Hi,how can i get the ted-59 and opus-100 dataset?

cordercorder / nmt-multi

Codebase for multilingual neural machine translation

MIT License

13 stars 2 forks source link

Hi,how can i get the ted-59 and opus-100 dataset? #1

Open altctrl00 opened 1 year ago

cordercorder commented 1 year ago

Hi, thanks for your attention.

The TED-59 dataset can be accessed from http://phontron.com/data/ted_talks.tar.gz. The python script ted_reader.py in this repository can be used to read the parallel corpus.

The OPUS-100 dataset can be found at https://github.com/EdinburghNLP/opus-100-corpus.

altctrl00 commented 1 year ago

Thanks,btw,your work is very exciting!

cordercorder commented 1 year ago

Thank you. I am really excited that you like our work.

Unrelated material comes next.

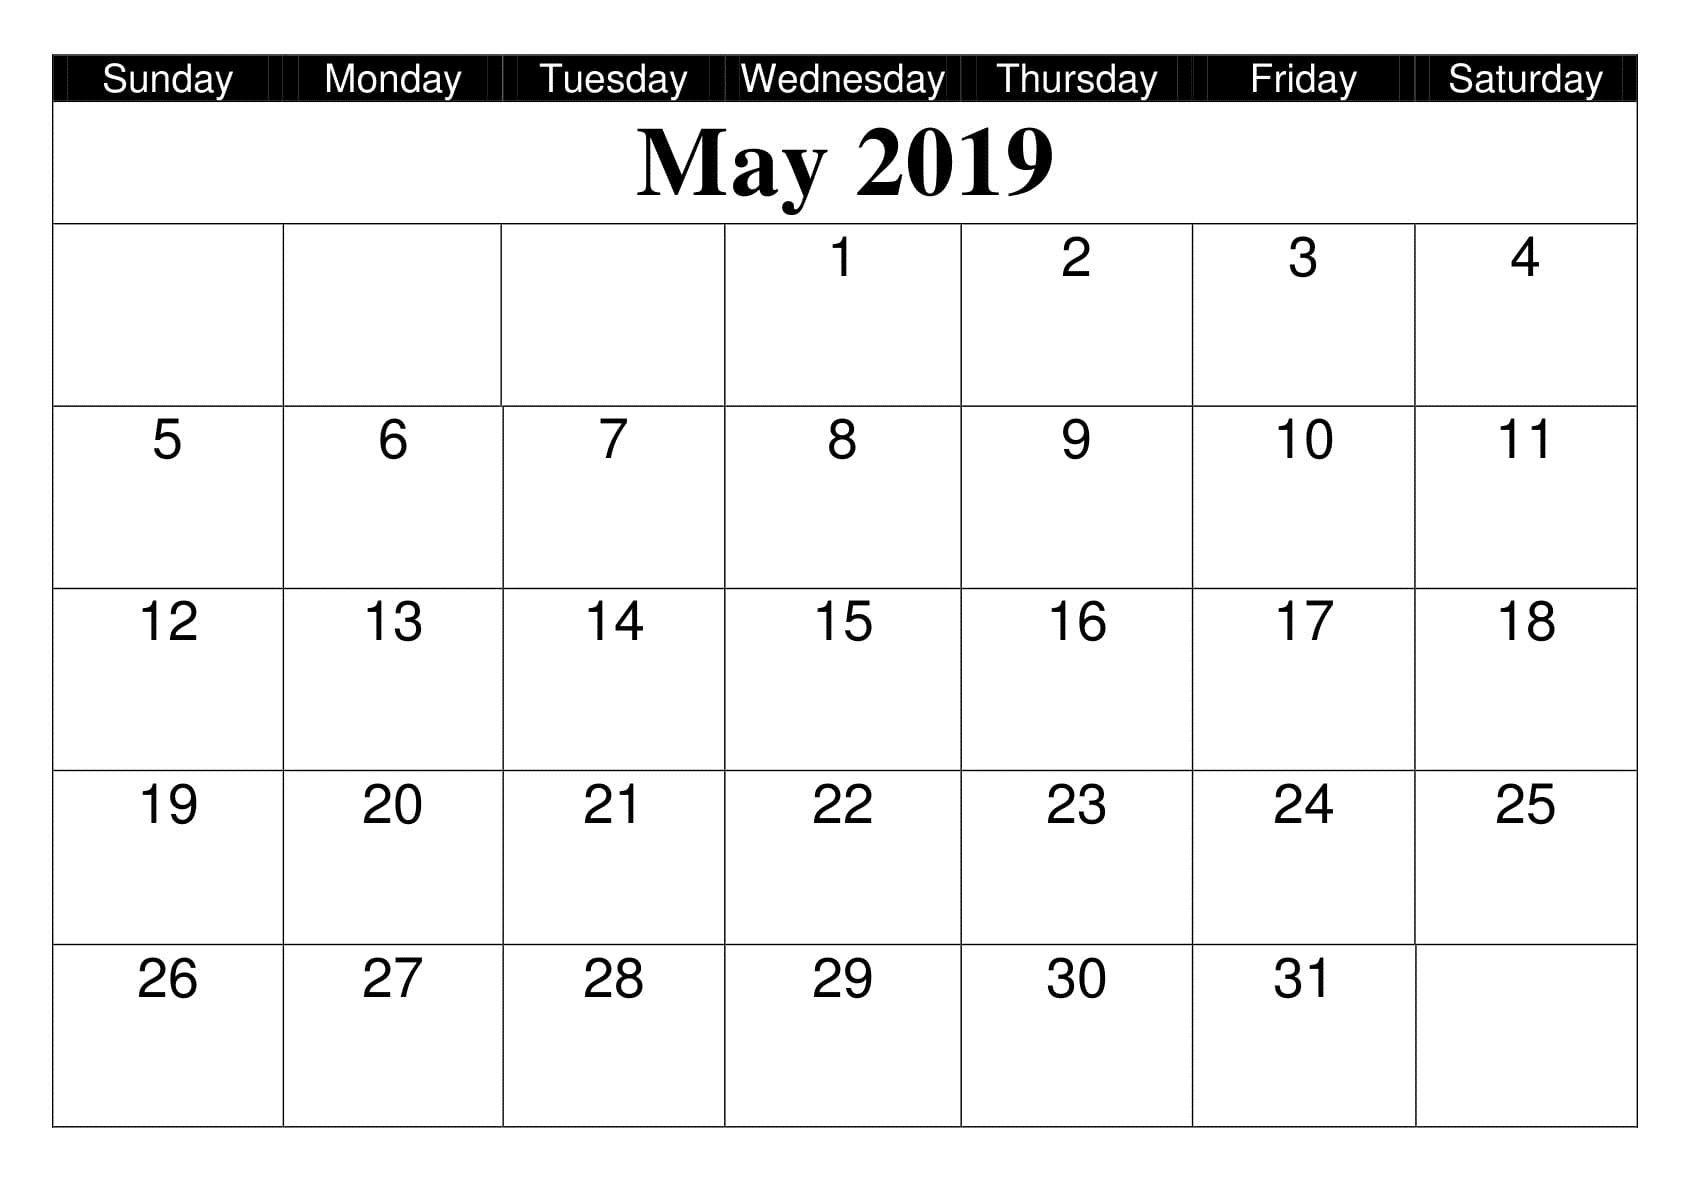 May 2019 Calendar Blank Printable | 200+ May 2019 Calendar Template_Google Calendar Gone Blank

altctrl00 commented 1 year ago

it seems that the ted dataset you mentioned has 60 languages ,but you only use 59?

cordercorder commented 1 year ago

Yes, it seems that there are 60 language pairs in the raw dataset. But the column named calv is empty, which indicates that there is no parallel corpus between calv and en. Therefore, there are 59 language pairs in the TED-59 dataset.